== Data shown ==
──────────────────────────────

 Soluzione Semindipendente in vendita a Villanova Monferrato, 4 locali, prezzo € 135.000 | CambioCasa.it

──────────────────────────────

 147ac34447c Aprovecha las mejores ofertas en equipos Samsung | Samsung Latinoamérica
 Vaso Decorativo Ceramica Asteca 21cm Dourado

──────────────────────────────

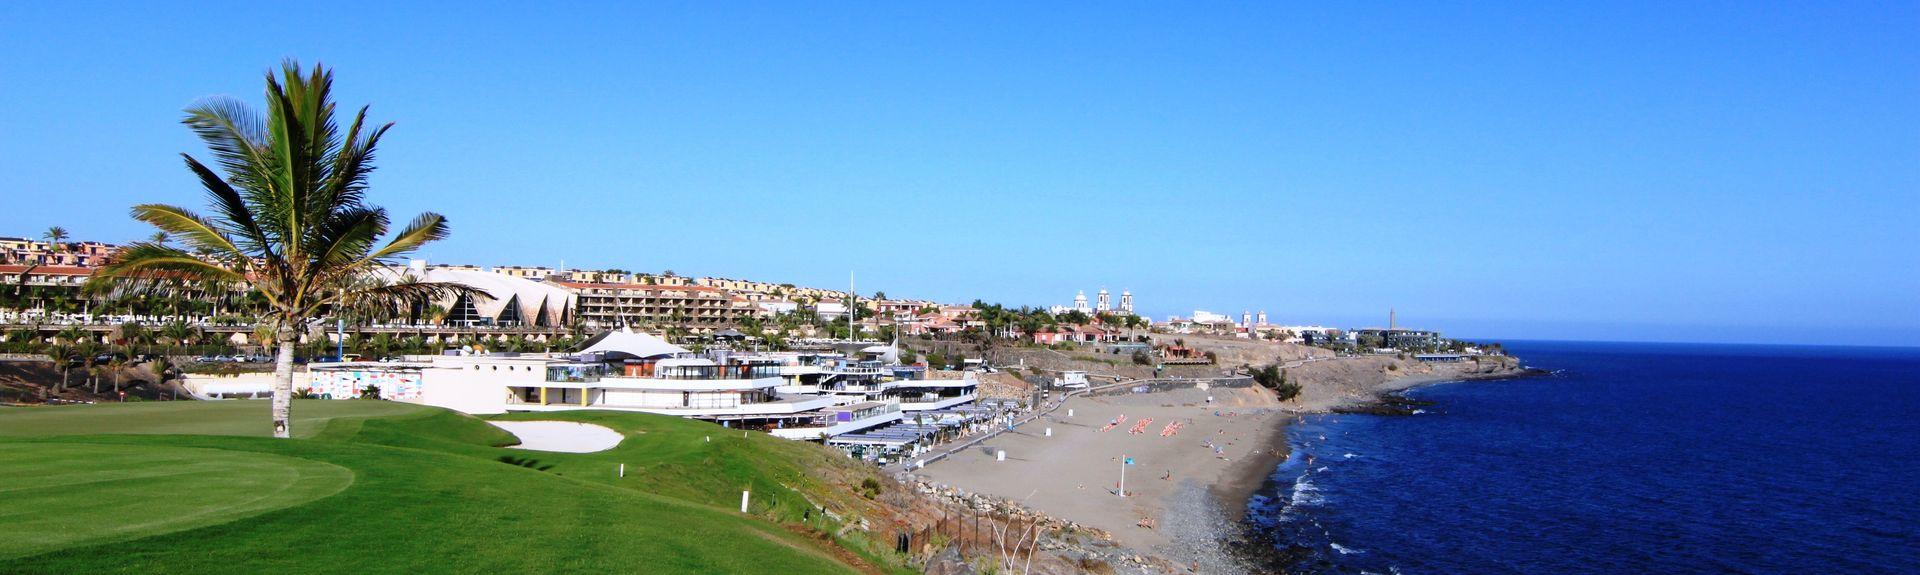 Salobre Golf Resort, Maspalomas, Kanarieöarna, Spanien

──────────────────────────────

== Assignment ==
As the answer, set down only the lines from the data above between the one holding "147ac34447c Aprovecha las" and the one holding "Vaso Decorativo Ceramica Asteca 21cm Dourado", inclusive, exactly as they read.

== Result of the task ==
 147ac34447c Aprovecha las mejores ofertas en equipos Samsung | Samsung Latinoamérica
 Vaso Decorativo Ceramica Asteca 21cm Dourado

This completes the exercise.